NMR and MD studies of the temperature-dependent dynamics of RNA YNMG-tetraloops

Institut für Organische Chemie und Chemische Biologie, Center for Biomolecular Magnetic Resonance, Frankfurt/M, Germany.
Nucleic Acids Research (Impact Factor: 9.11). 05/2008; 36(6):1928-40. DOI: 10.1093/nar/gkm1183
Source: PubMed


In a combined NMR/MD study, the temperature-dependent changes in the conformation of two members of the RNA YNMG-tetraloop motif (cUUCGg and uCACGg) have been investigated at temperatures of 298, 317 and 325 K. The two members have considerable different thermal stability and biological functions. In order to address these differences, the combined NMR/MD study was performed.
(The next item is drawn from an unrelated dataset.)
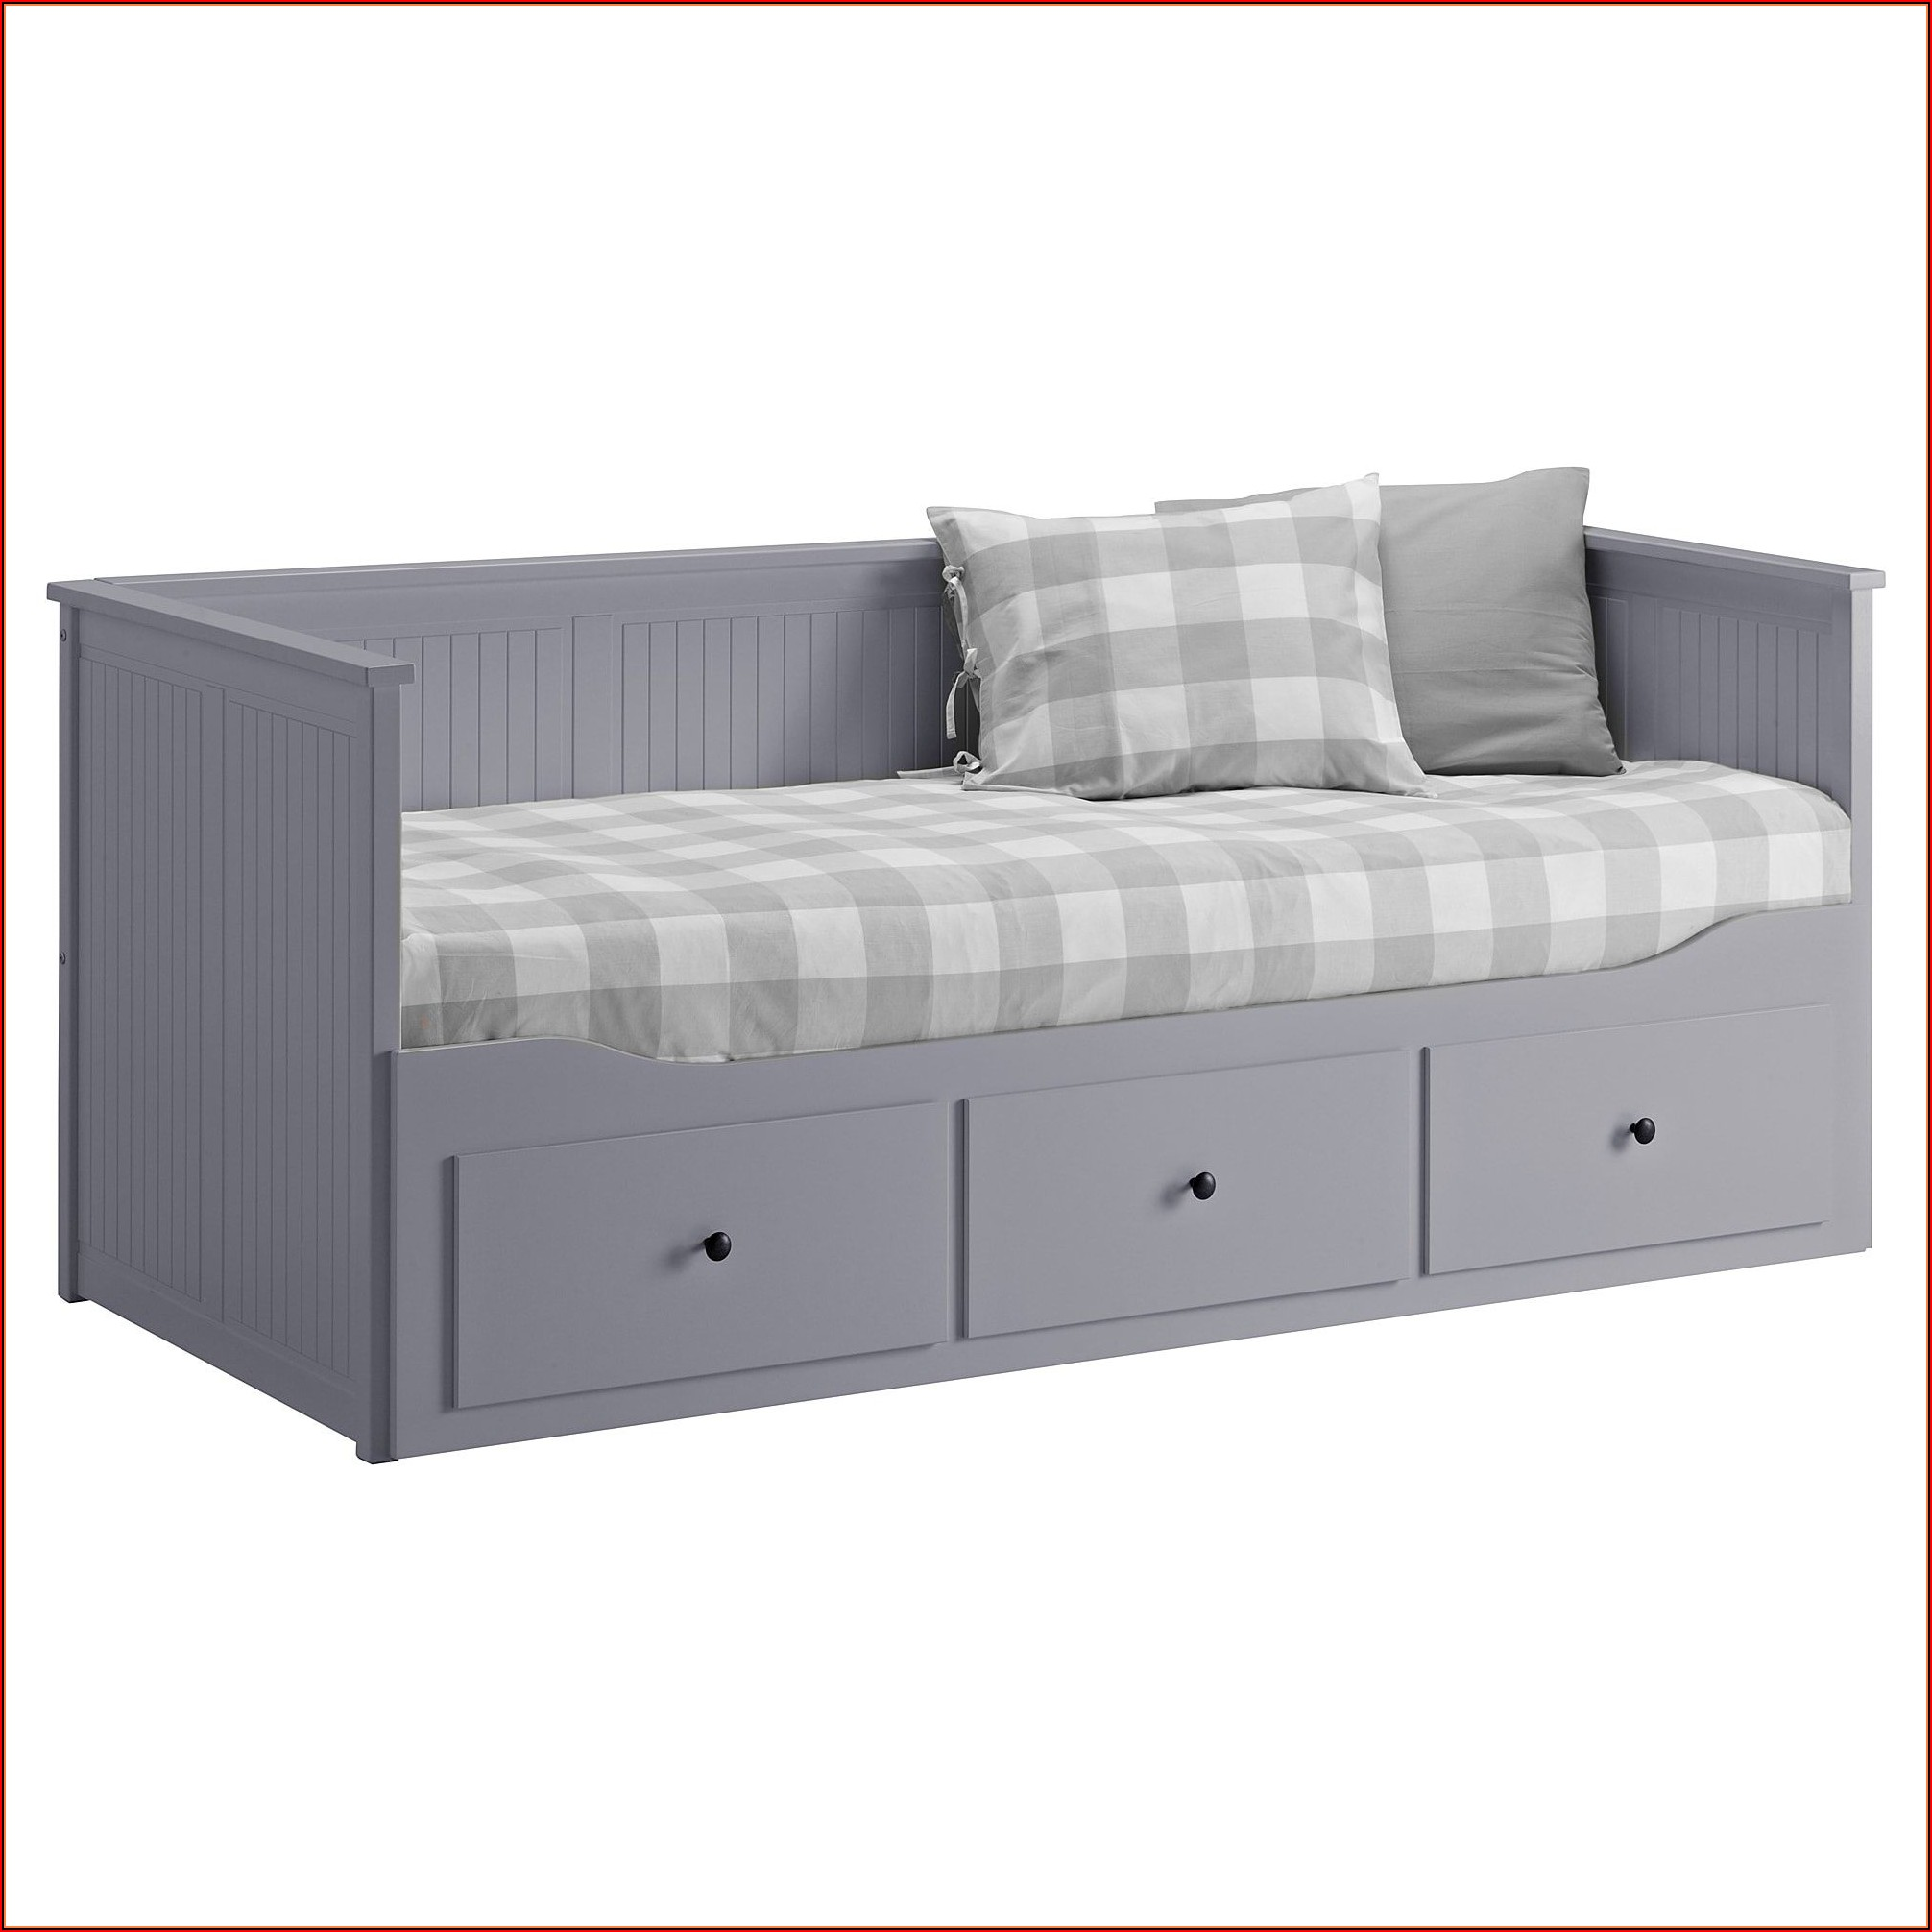 Ikea Hemnes Schlafzimmerserie

The large temperature range represents a challenge for both, NMR relaxation analysis (consistent choice of effective bond length and CSA parameter) and all-atom MD simulation with explicit solvent (necessity to rescale the temperature). A convincing agreement of experiment and theory is found. Employing a principle component analysis of the MD trajectories, the conformational distribution of both hairpins at various temperatures is investigated. The ground state conformation and dynamics of the two tetraloops are indeed found to be very similar. Furthermore, both systems are initially destabilized by a loss of the stacking interactions between the first and the third nucleobase in the loop region. While the global fold is still preserved, this initiation of unfolding is already observed at 317 K for the uCACGg hairpin but at a significantly higher temperature for the cUUCGg hairpin.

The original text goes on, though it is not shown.